Fast diagnosis playbook (check first/second/third)
When the screen is black, don’t thrash. A GPU passthrough pipeline is long. Your goal is to find which segment is broken:
host device isolation, VM firmware initialization, guest driver, or display routing.
First: confirm the host actually handed the GPU to VFIO
-
Check binding: the GPU must be bound to
vfio-pci, notnvidia,amdgpu, ornouveau. - Check IOMMU is on: if DMA remapping is off, passthrough may half-work and then fail weirdly.
- Check IOMMU groups: if your GPU is in a group with other devices you didn’t pass through, you’ll get inconsistent failures.
Second: confirm the VM can initialize the device (firmware + machine type)

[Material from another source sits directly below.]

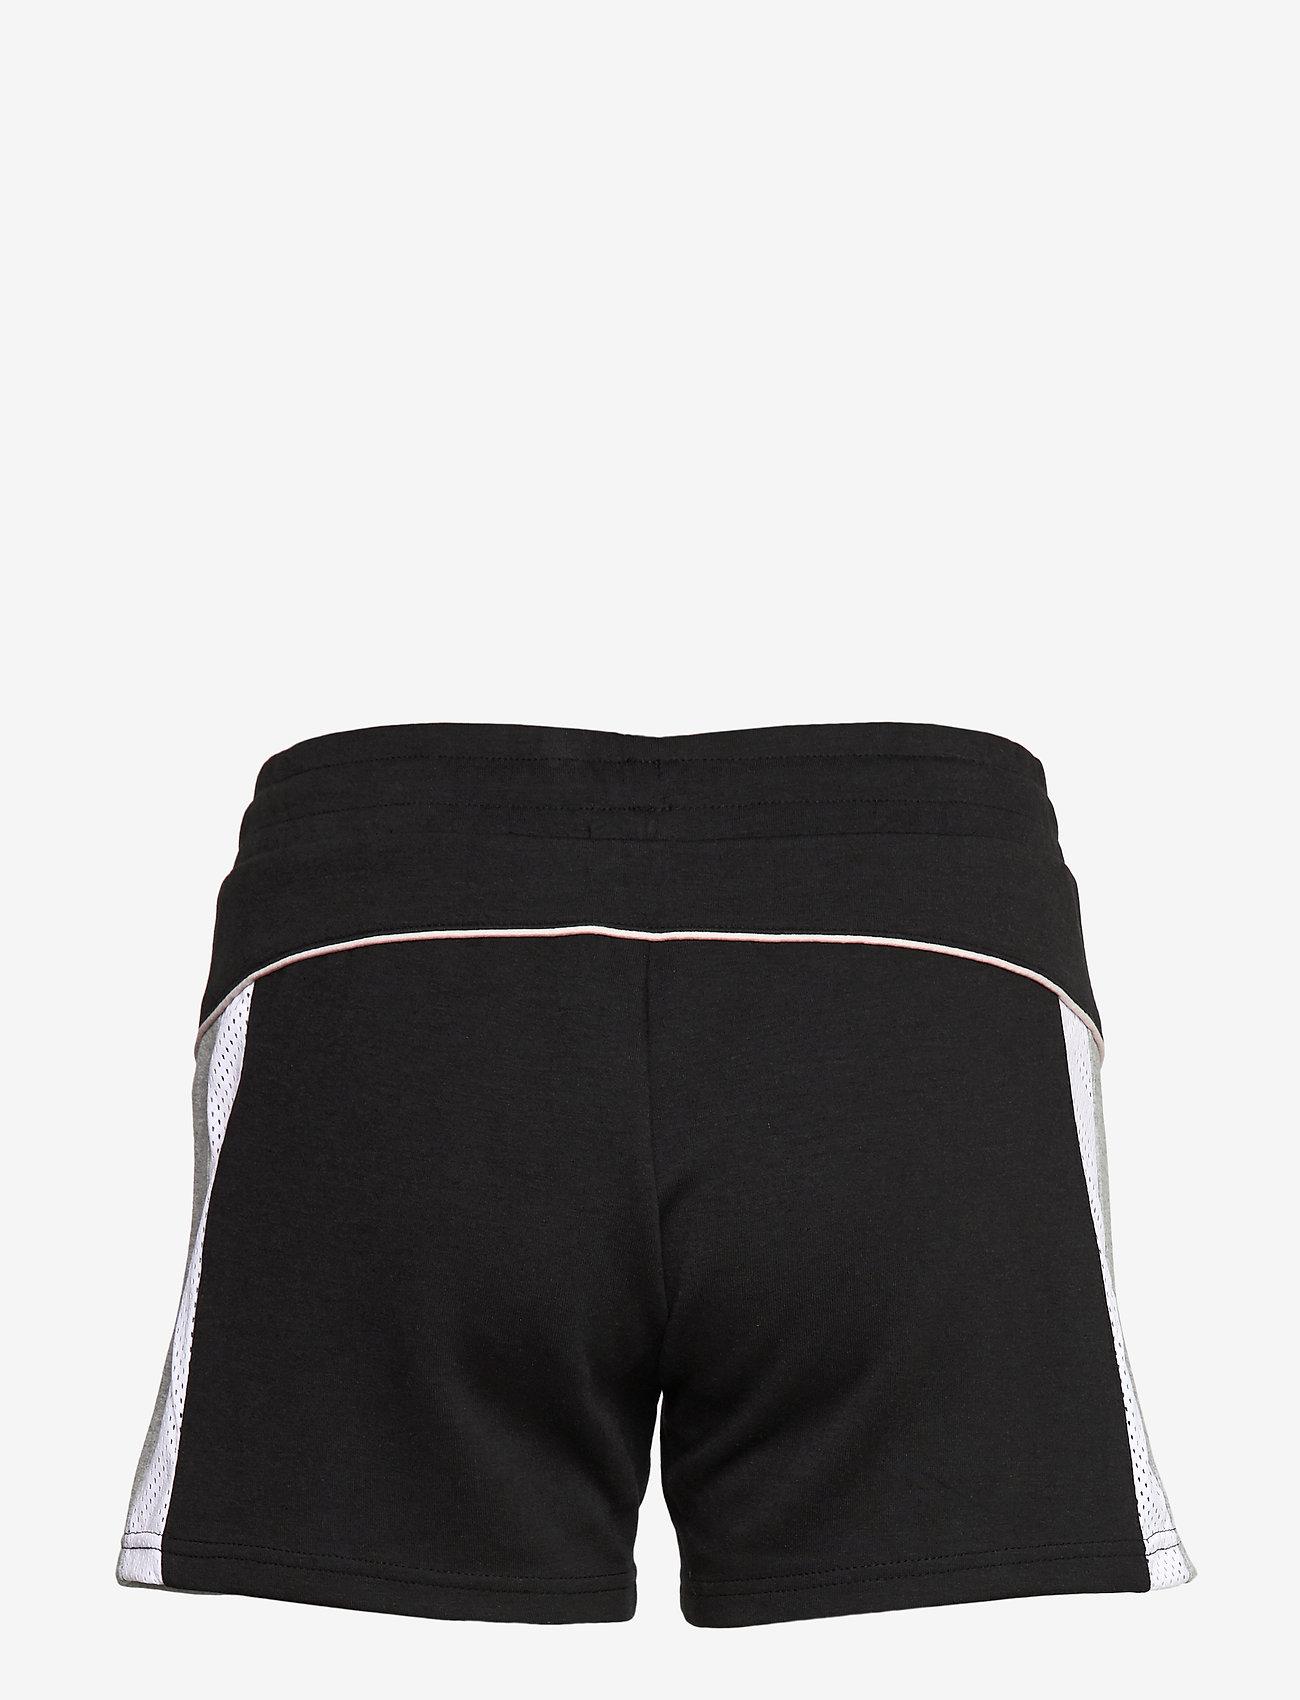 Hummel - hmlNIRVANA SHORTS - training shorts - black - 1

- OVMF vs SeaBIOS: modern GPUs often need UEFI (OVMF). Some older cards behave better with SeaBIOS. Pick deliberately.
- Q35 vs i440fx: Q35 is the default for a reason (PCIe). Many GPU passthrough issues evaporate on Q35.

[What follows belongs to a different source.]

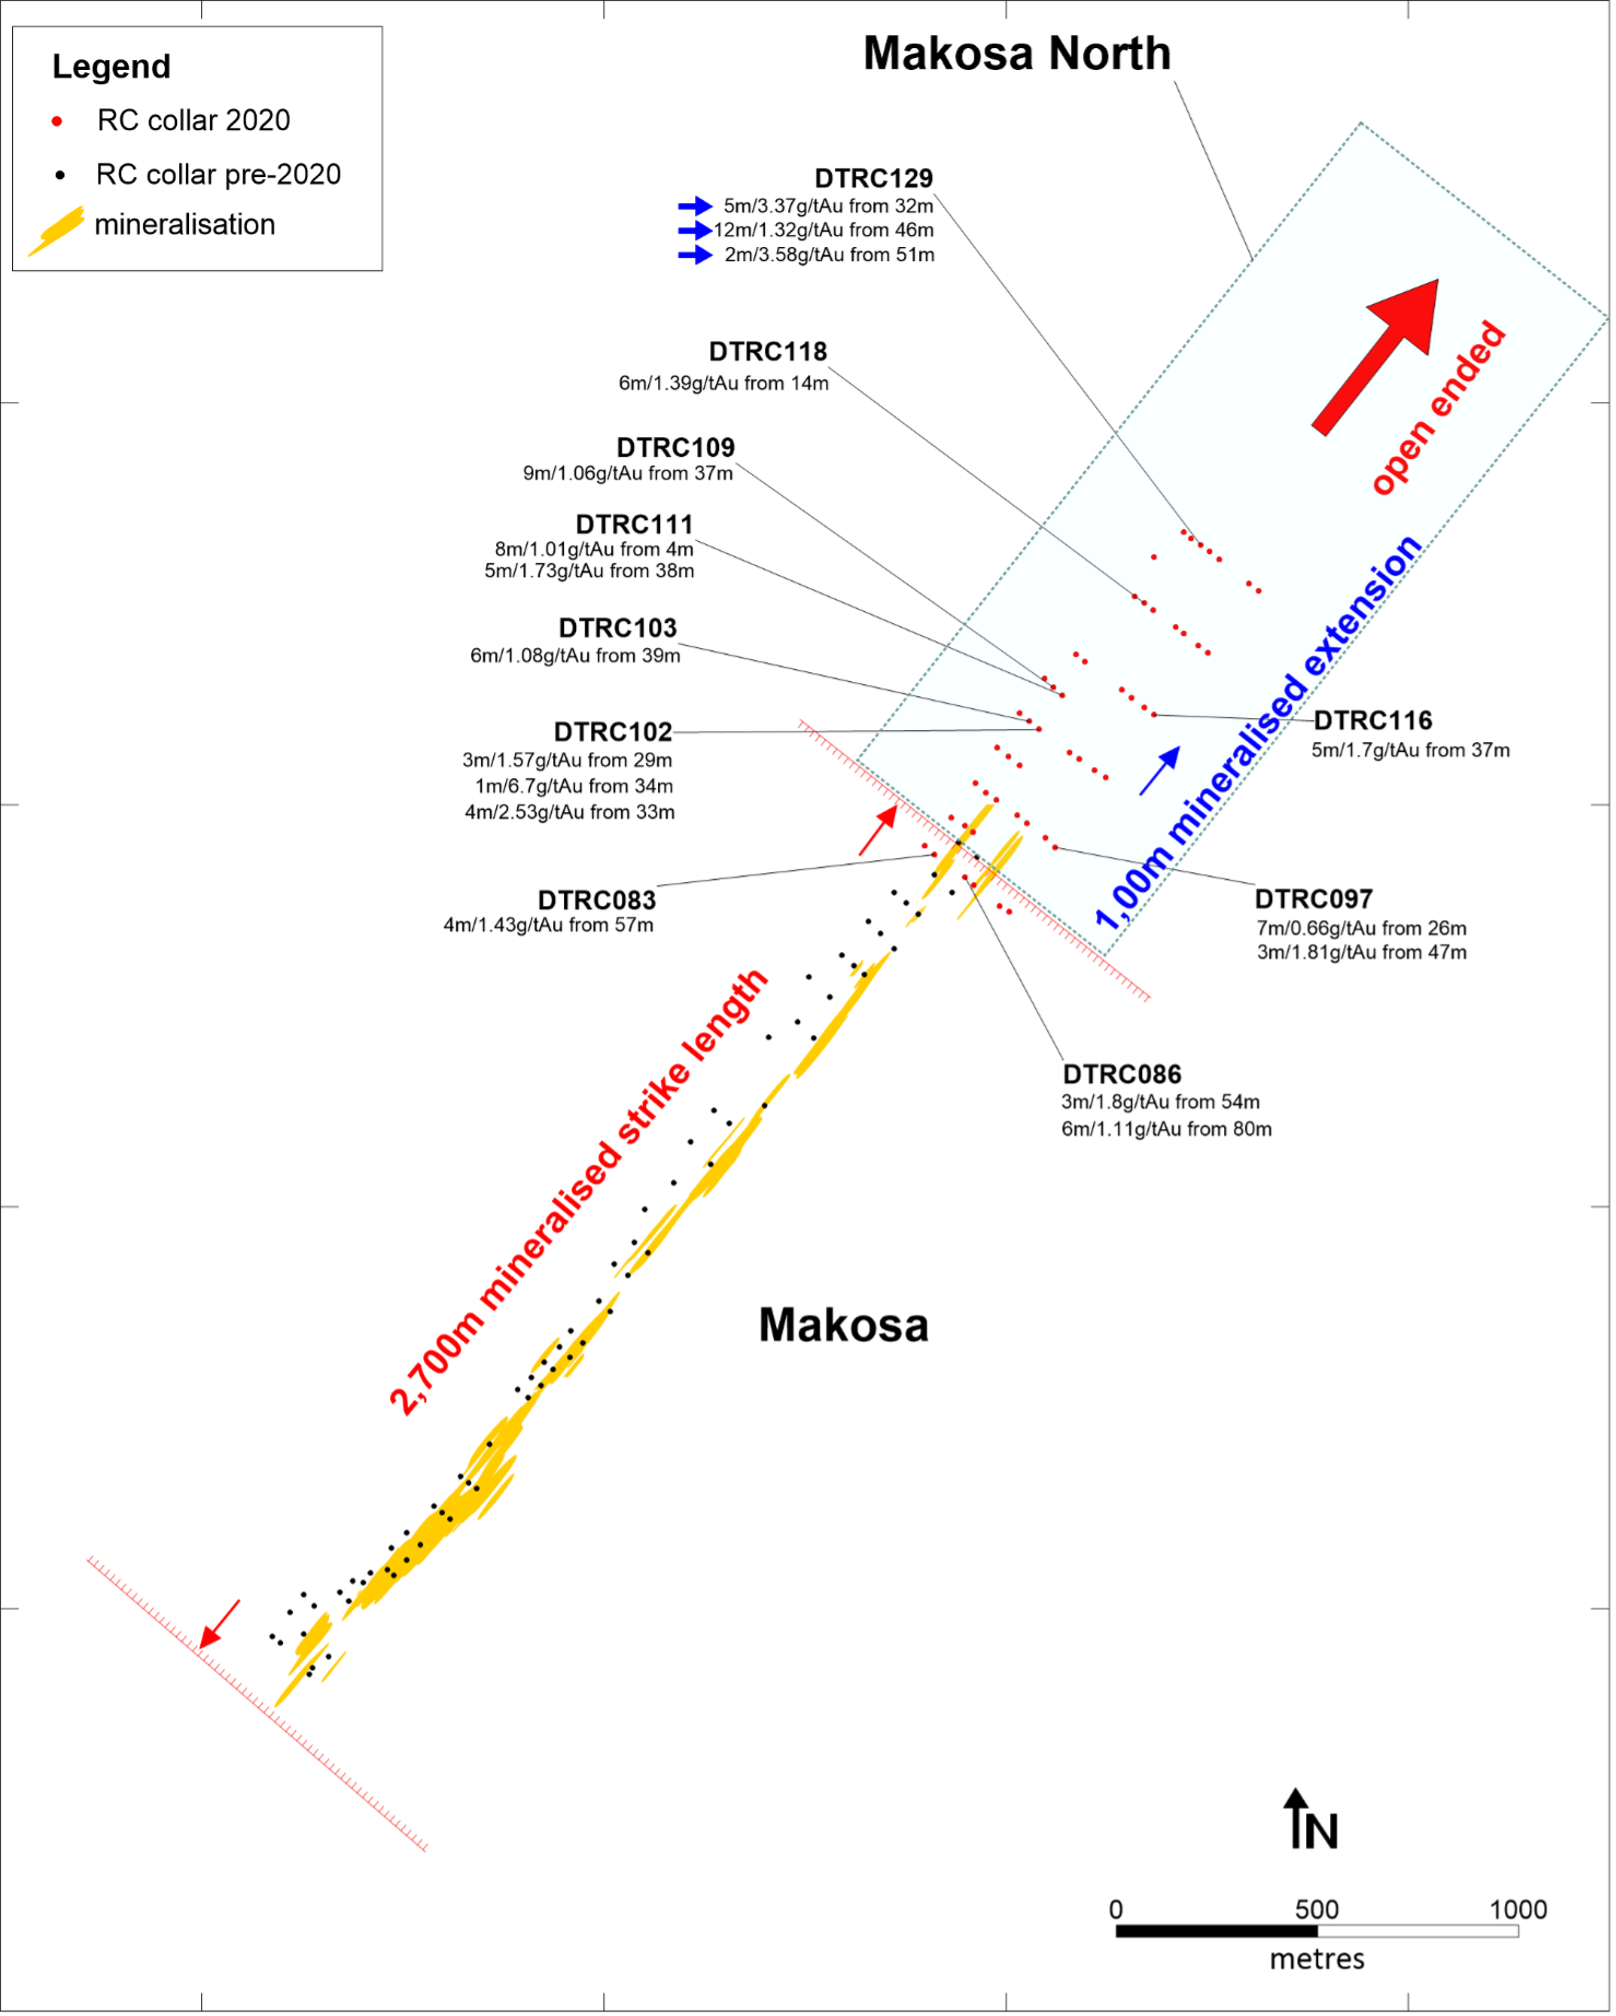 Figure 2- Makosa North drillhole location map

- Primary GPU setting: if the VM expects a display device but you removed it, you might be staring at nothing because you asked for nothing.
Third: confirm the guest driver is healthy and output is routed correctly
- Windows: check Device Manager errors (Code 43, Code 31) and the event log.
- Linux guests: check dmesg for amdgpu/nvidia initialization, and confirm which output is hot.
- Display routing: test different ports (DP vs HDMI) and disable high refresh + HDR while debugging.
One quote worth keeping in your head while you debug: paraphrased idea from Richard Feynman:
“Reality must take precedence over public relations.” In ops terms: trust what the kernel says, not what your UI implies.
Interesting facts and short history (why this is so fussy)
- Intel VT-d (DMA remapping) shipped widely years after CPU virtualization; early hypervisors could run VMs but not safely pass devices.
- VFIO replaced older PCI passthrough frameworks in Linux because it’s safer and integrates with IOMMU properly.
- OVMF is essentially UEFI firmware for VMs; as GPUs became more UEFI-centric, legacy BIOS paths started failing more often.
- GPUs are not “just PCIe devices”: many are also tiny computers with their own firmware, memory training, and boot-time state.
- NVIDIA’s “Code 43” drama became a rite of passage for passthrough users; it’s less common now but still appears in edge cases.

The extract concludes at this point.